Exercise brief >> The reply should consist solely of the lines from the one that holds "1,7 m² ENTRÉ" through the last line of the material, reproduced exactly; no pictures belong in it.

Given information >>
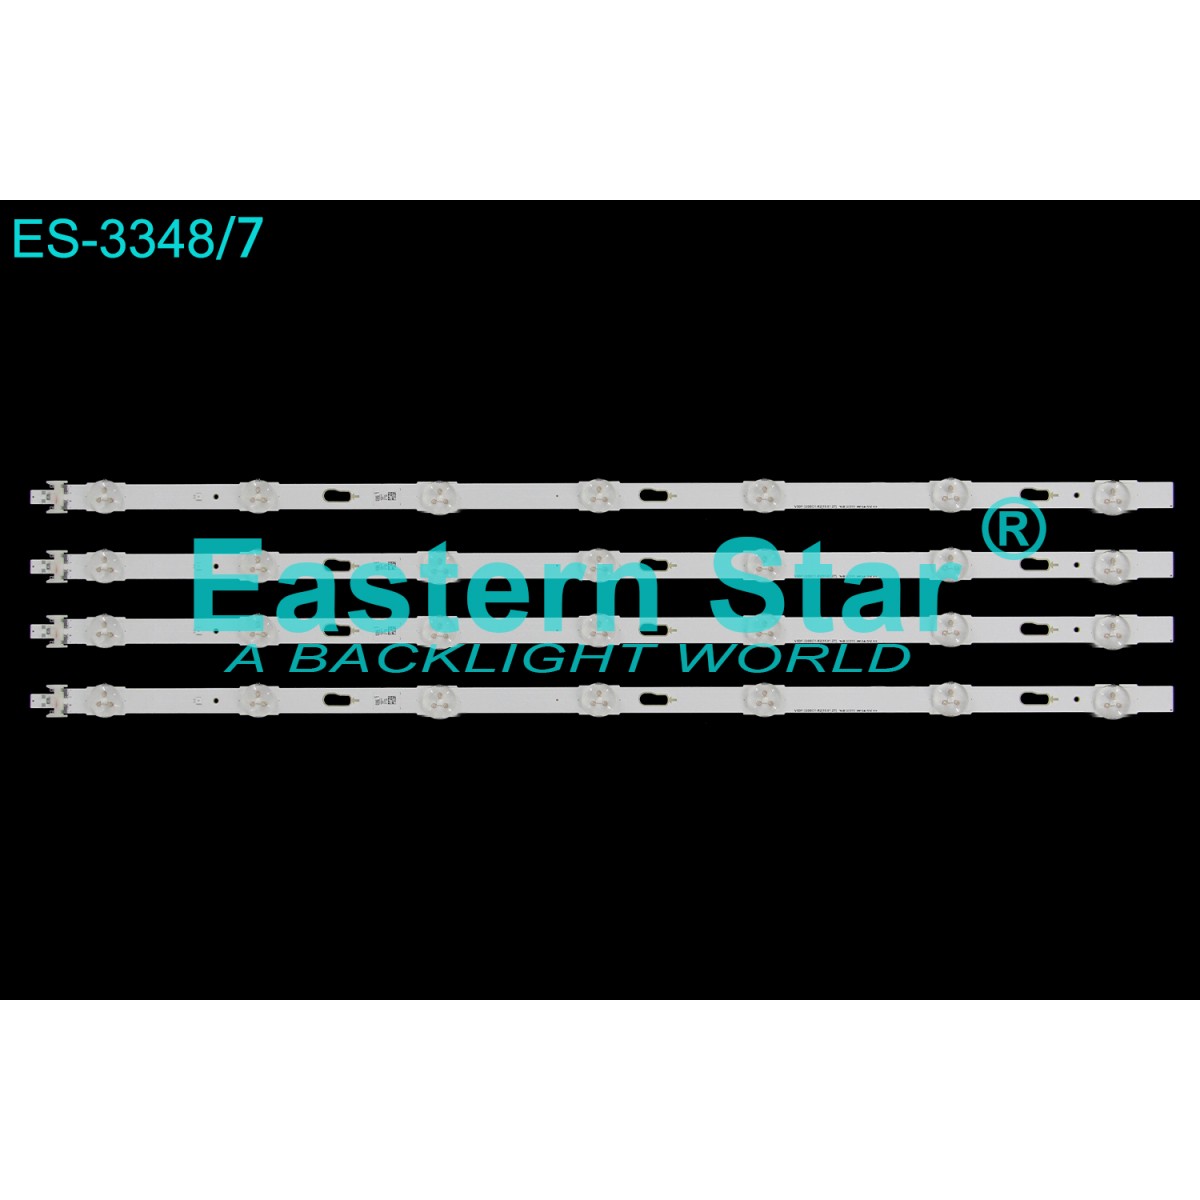 ES-3348, SAMSUNG, BN96-34782A, BN96-35372A, UE32J6370SU, UE32J6370, V5DF-320DC1-R2, S_5J63_32_FL_7_REV1.5, TV LED BAR
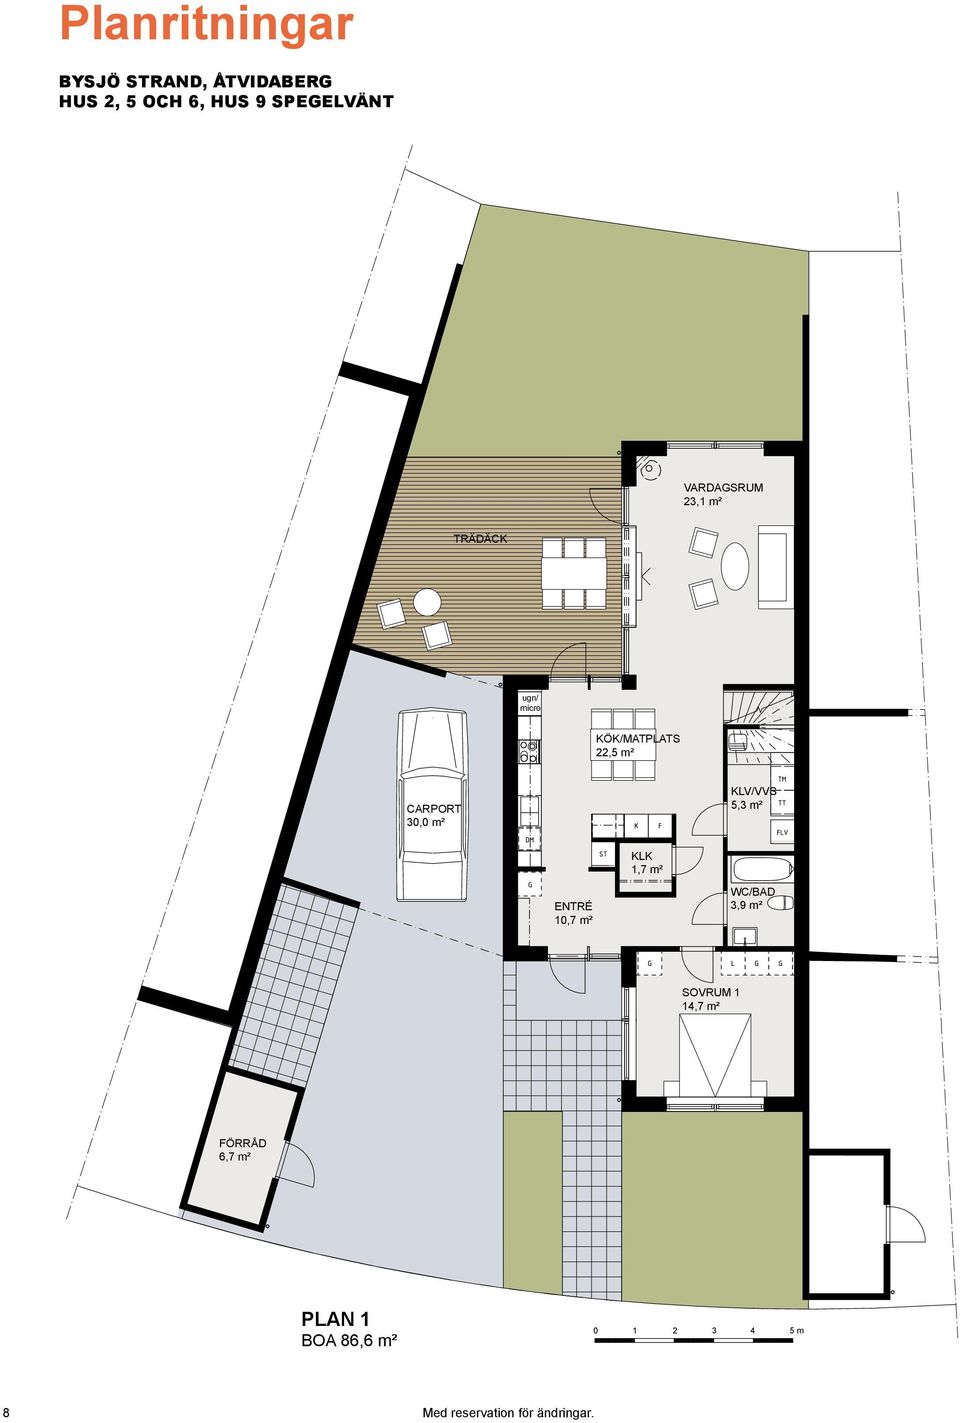 1,7 m² ENTRÉ 10,7 m² WC/BAD 3,9 m² SOVRUM 1 14,7 m² FÖRRÅD 6,7 m² PLAN 1 BOA 86,6
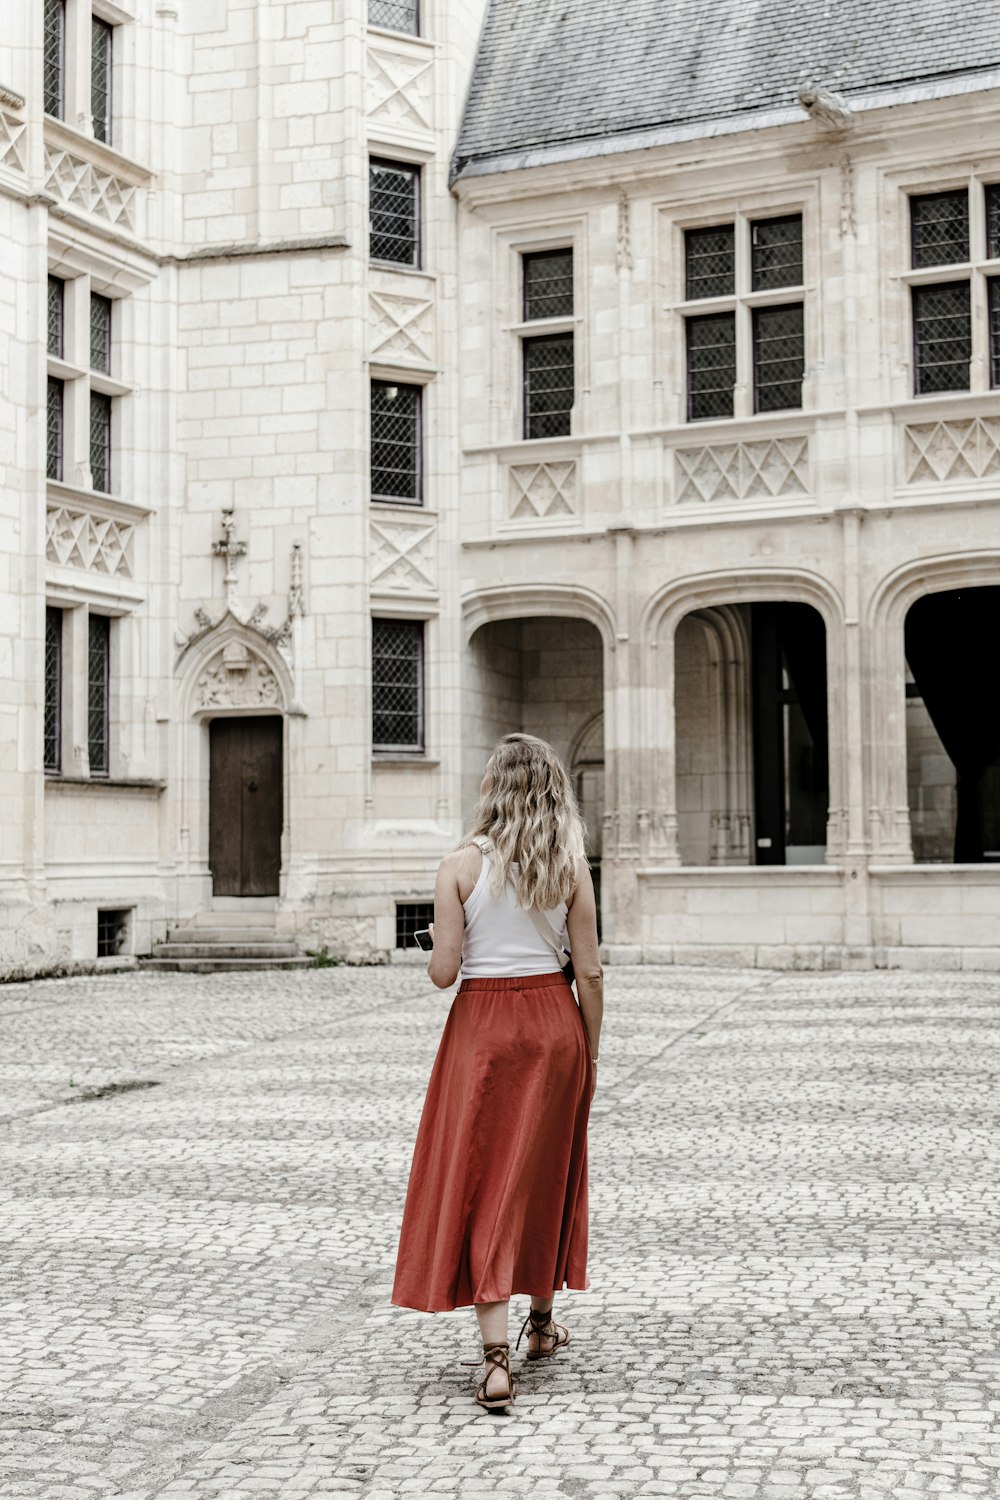 Eine Frau in einem roten Rock steht vor einem großen Gebäude

Worked solution >>
 1,7 m² ENTRÉ 10,7 m² WC/BAD 3,9 m² SOVRUM 1 14,7 m² FÖRRÅD 6,7 m² PLAN 1 BOA 86,6
 Eine Frau in einem roten Rock steht vor einem großen Gebäude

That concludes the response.